Fast Gradient Sign Method (FGSM)
FGSM represents a groundbreaking single-step attack approach that calculates optimal perturbations by analyzing the gradient of the loss function. This method revolutionized adversarial machine learning by demonstrating that surprisingly simple mathematical operations could deceive even sophisticated deep learning models. The attack's elegance lies in its efficiency—computing the sign of the gradient determines the direction that maximally increases the model's error while the epsilon parameter controls perturbation magnitude.

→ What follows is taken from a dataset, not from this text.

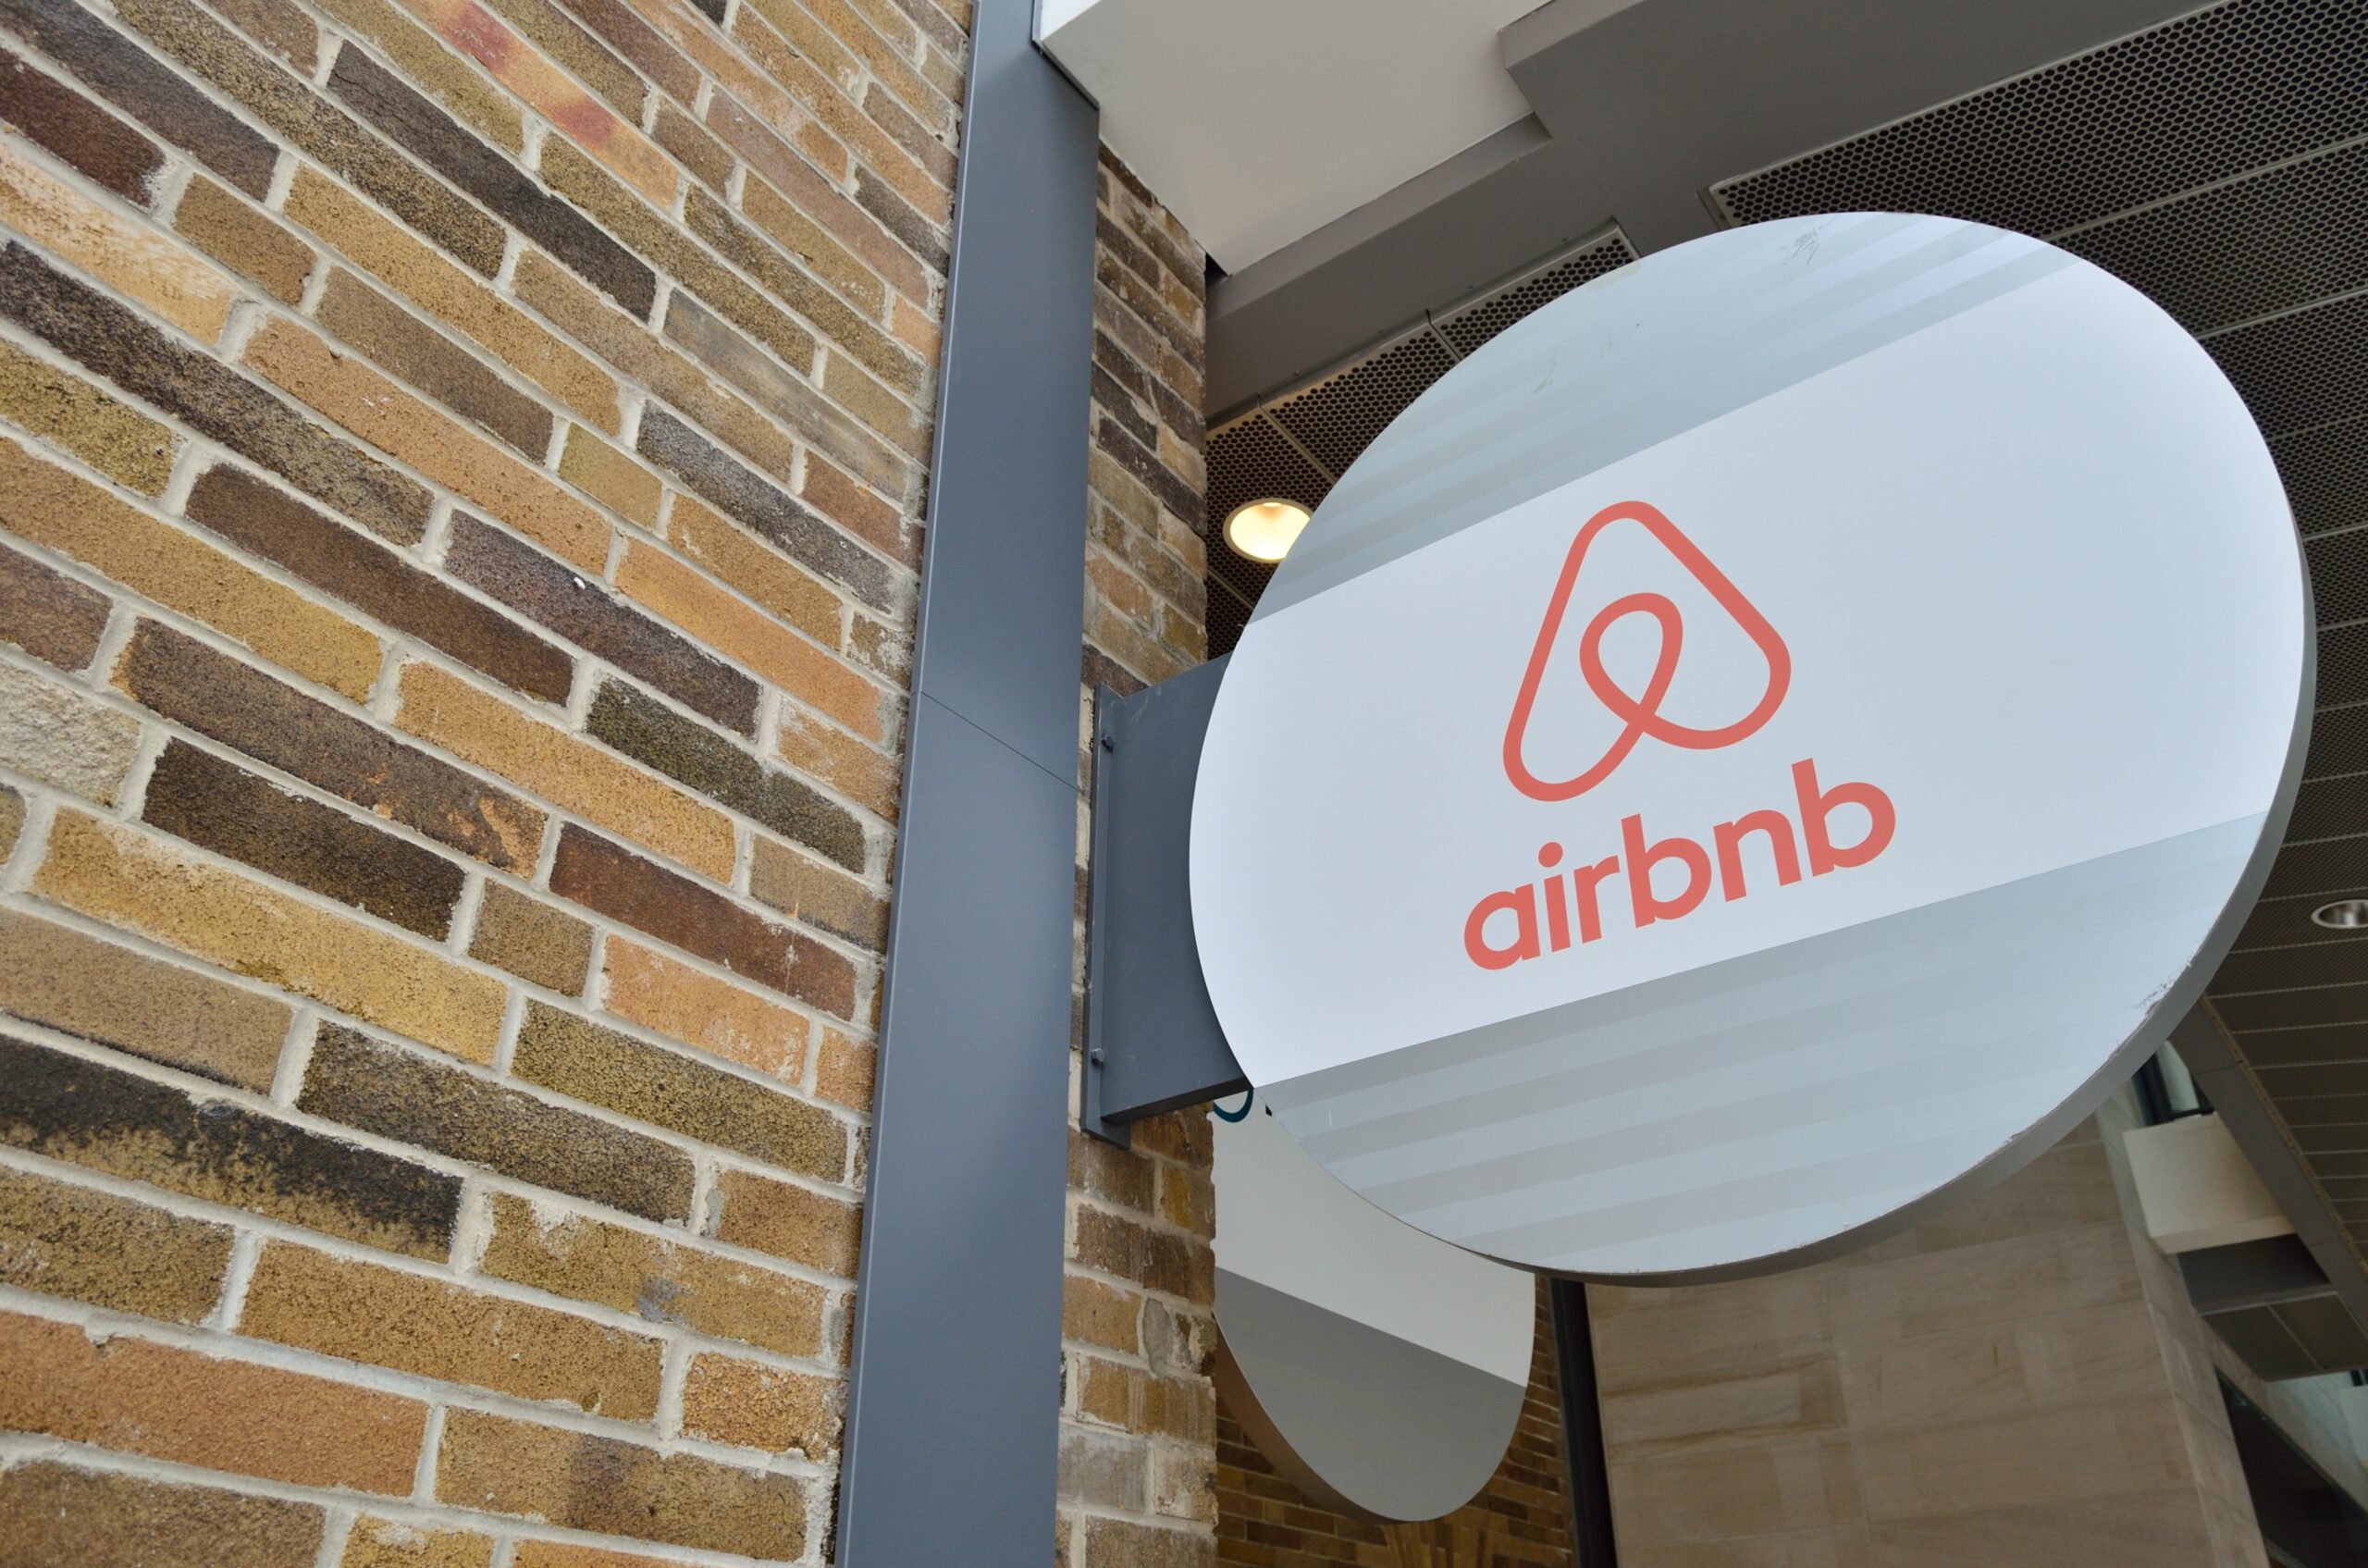 "Airbnb" sign

Figure 2.1.2: FGSM Attack Block Daigram..
Source: Created based on Goodfellow et al. (2015).
Projected Gradient Descent (PGD)
PGD extends FGSM into an iterative framework that progressively refines adversarial perturbations through multiple small steps. This sophisticated approach generates more robust adversarial examples by repeatedly applying gradient-based updates while projecting back onto a constrained perturbation space. The method balances between attack strength and perceptual similarity, making it particularly valuable for evaluating model robustness in realistic security scenarios.

Figure 2.1.3: PGD Attack Block Daigram.
Source: Created based on Madry et al. (2018).
Building upon FGSM, the Projected Gradient Descent (PGD) attack adds iterative refinement to increase the strength and precision of the attack. PGD repeatedly applies small gradient-based updates and projects the resulting input back into an ε-ball around the original input to ensure the perturbation remains bounded. This iterative process generates more robust adversarial examples with better success rates while maintaining perceptual similarity.
Carlini & Wagner (C&W) Attack
The C&W attack represents the pinnacle of optimization-based adversarial techniques, formulating the perturbation problem as a sophisticated constrained optimization challenge: minimize ‖δ‖p + c · f(x + δ). This approach discovers minimal perturbations through advanced optimization algorithms, consistently bypassing common defense mechanisms by optimizing jointly for attack success and imperceptibility. The method's careful balance of objectives enables it to generate highly effective adversarial examples while minimizing detectability.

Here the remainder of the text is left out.